Davis expands Orioles' options Waives no-trade clause to help strengthen club

November 13, 1992|By Jim Henneman | Jim Henneman,Staff Writer

Glenn Davis decided to waive his no-trade clause and make himself available during Tuesday's National League expansion draft because he wanted to help the Orioles strengthen themselves.

Although Davis was out of town and unavailable for comment yesterday, representatives of both sides confirmed that an agreement had been reached, and for that reason.

A source familiar with the negotiations said Davis would be compensated only if he were drafted.

"What I can tell you is this -- for the good of the club, Glenn agreed to cooperate in an effort to help the team become stronger," said Michael Moye, an associate of Robert Fraley, who represents Davis.

"We worked on this [the settlement] for the last couple of weeks," said Moye. "There had been some reports that Glenn was being uncooperative -- but that's a crock."

General manager Roland Hemond would not comment on the Orioles' list of protected players, which was reported yesterday by the Chicago Tribune and Rocky Mountain News, along with those of the other 25 teams.

Hemond, however, did confirm that the Orioles had reached an agreement for Davis to waive the no-trade clause in his contract. Under baseball rules, players with such clauses had to be protected from the expansion draft.

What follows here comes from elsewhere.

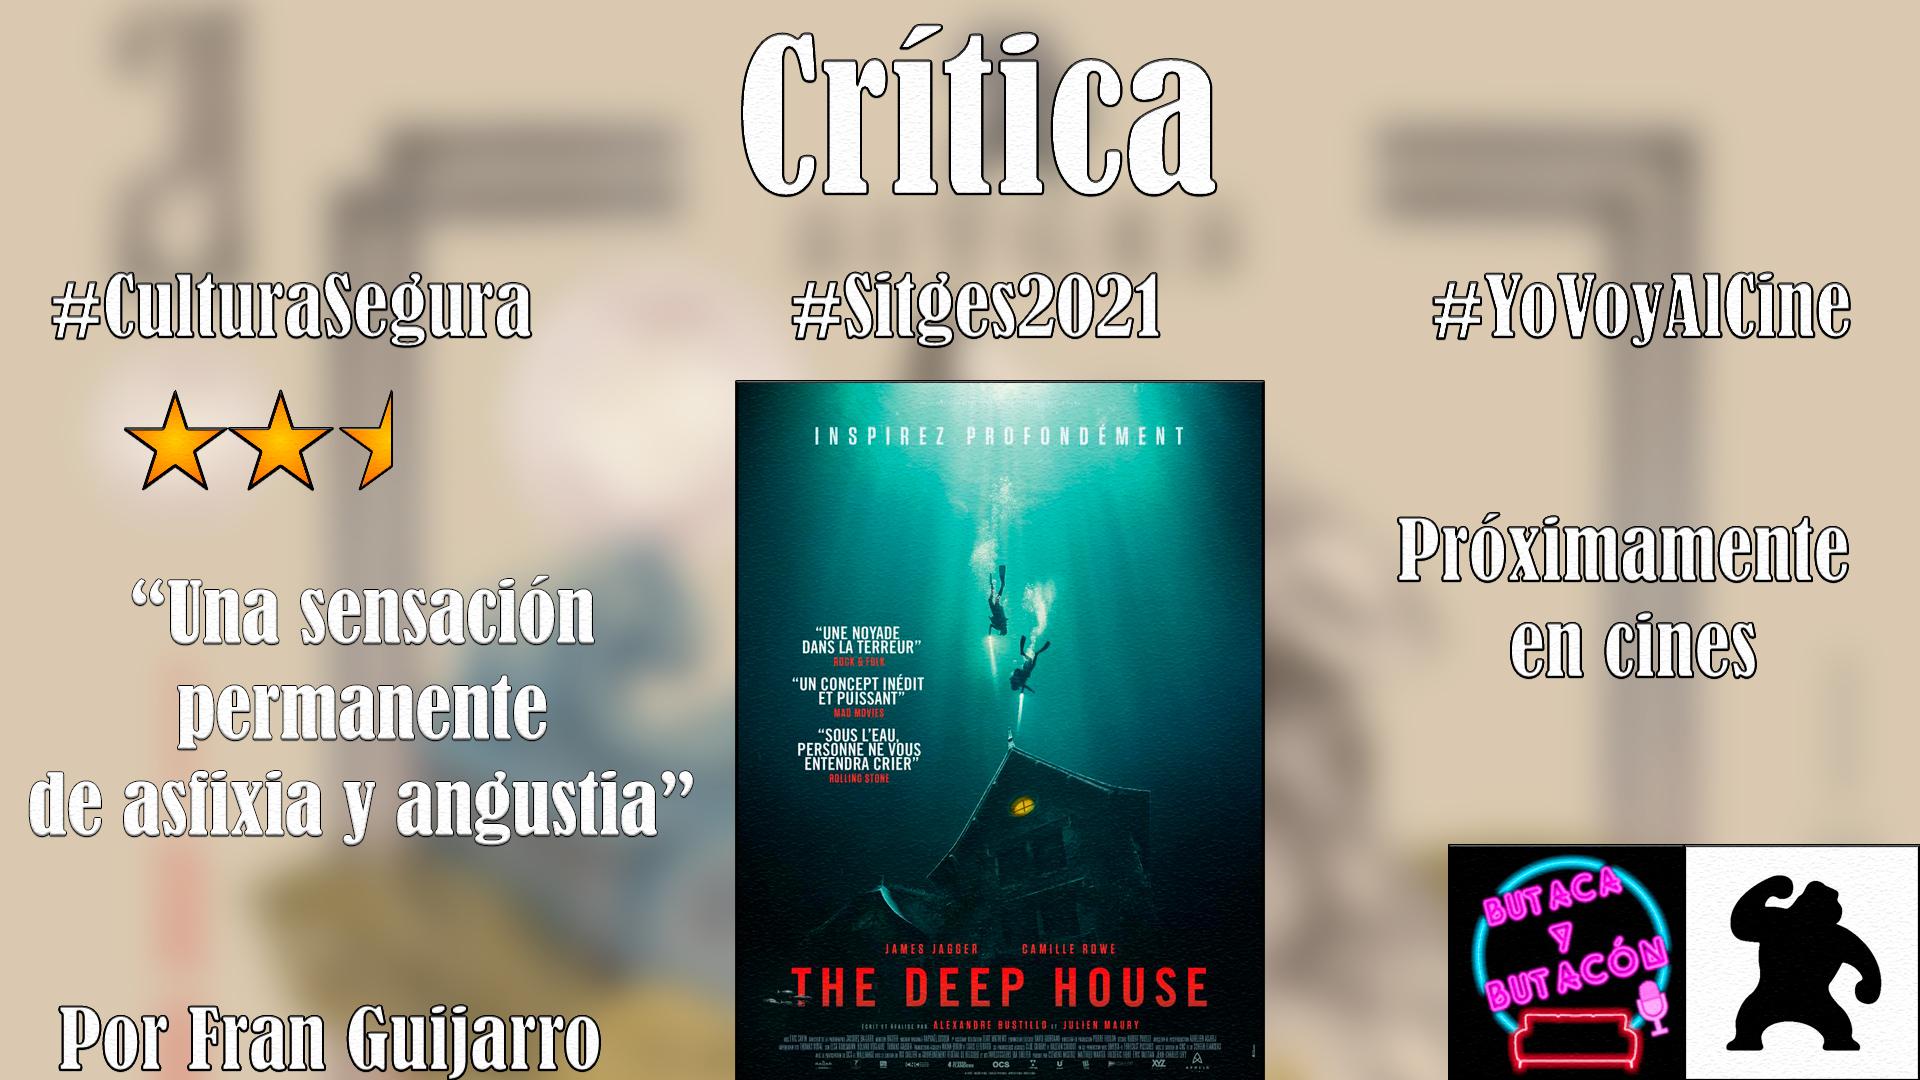 'The Deep House': asfixia y angustia bajo las profundidades marinas

"Glenn did waive his no-trade provision as a means of helping the club," said Hemond. "He was helpful in accommodating the team."

If the Orioles lose unprotected Randy Milligan, David Segui, whom the Orioles were able to protect by exposing Davis, would go to spring training with a shot at winning the starting job. Davis, whose injuries often have limited his ability to play the field, would be more of a designated hitter than first baseman.

Neither Hemond nor Moye would discuss specifics of the agreement. According to a source, five other players waived no-trade clauses -- Montreal's Tim Wallach, Pittsburgh's Bob Walk, the White Sox's Carlton Fisk and Oakland's Dave Henderson and Bob Welch.

The three players the Orioles traded for Davis -- Pete Harnisch and Steve Finley of Houston and Curt Schilling of Philadelphia -- all were protected by their clubs.

Moye would not speculate on the possibility of Davis being selected by either the Florida Marlins or the Colorado Rockies. "I'm not a prognosticator," he said. "I couldn't tell you what the chances are.

"I would say they're probably low," said Moye. "But there's a chance he could be drafted. There is a risk.

"But Glenn loves Baltimore and wants to help the team get better," said Moye. Davis, 31, has one year left on his contract, worth more than $3 million, and will be eligible for free agency at the end of next season.

Other than the exclusion of Davis, there were no surprises on the Orioles' 15-man protected list.

"You never like to lose players, but we've known all along we'd be losing some," said Hemond, who with his maneuvering was able to protect Segui and Luis Mercedes, either of whom figured to be taken in the first round. "So, you have to take a positive approach. It [the expansion draft] is intriguing.

"All of your preparation is directed toward suffering the least amount of damage," said Hemond. "We've done everything we could -- now, you just go and face the music."

Milligan, who was paid $1.05 million last year, said yesterday that he was not surprised that he was left unprotected.

"From what I've been hearing, it [the protected list] was pretty much what I expected," said Milligan, who hit only .240 last season after three productive years with the Orioles. He said the constant trade rumors, which flourished after Davis signed a two-year contract, affected him.

"After last year, hearing my name in trade rumors what seemed like every other day, I can handle this [being left unprotected]," said Milligan, one of the Orioles' most popular players. "Last year, I let myself get caught up in all of that [trade talk], but I'm not going to let that happen this year.

"I'm just going to sit back and see what happens. If one of those expansion teams wants me, then I'll be ready to go and play for them. But I've never tried to hide my desire to finish my career here in Baltimore," said Milligan, 30.

"I feel fine, physically and mentally. I'm just sitting around, waiting to see what happens."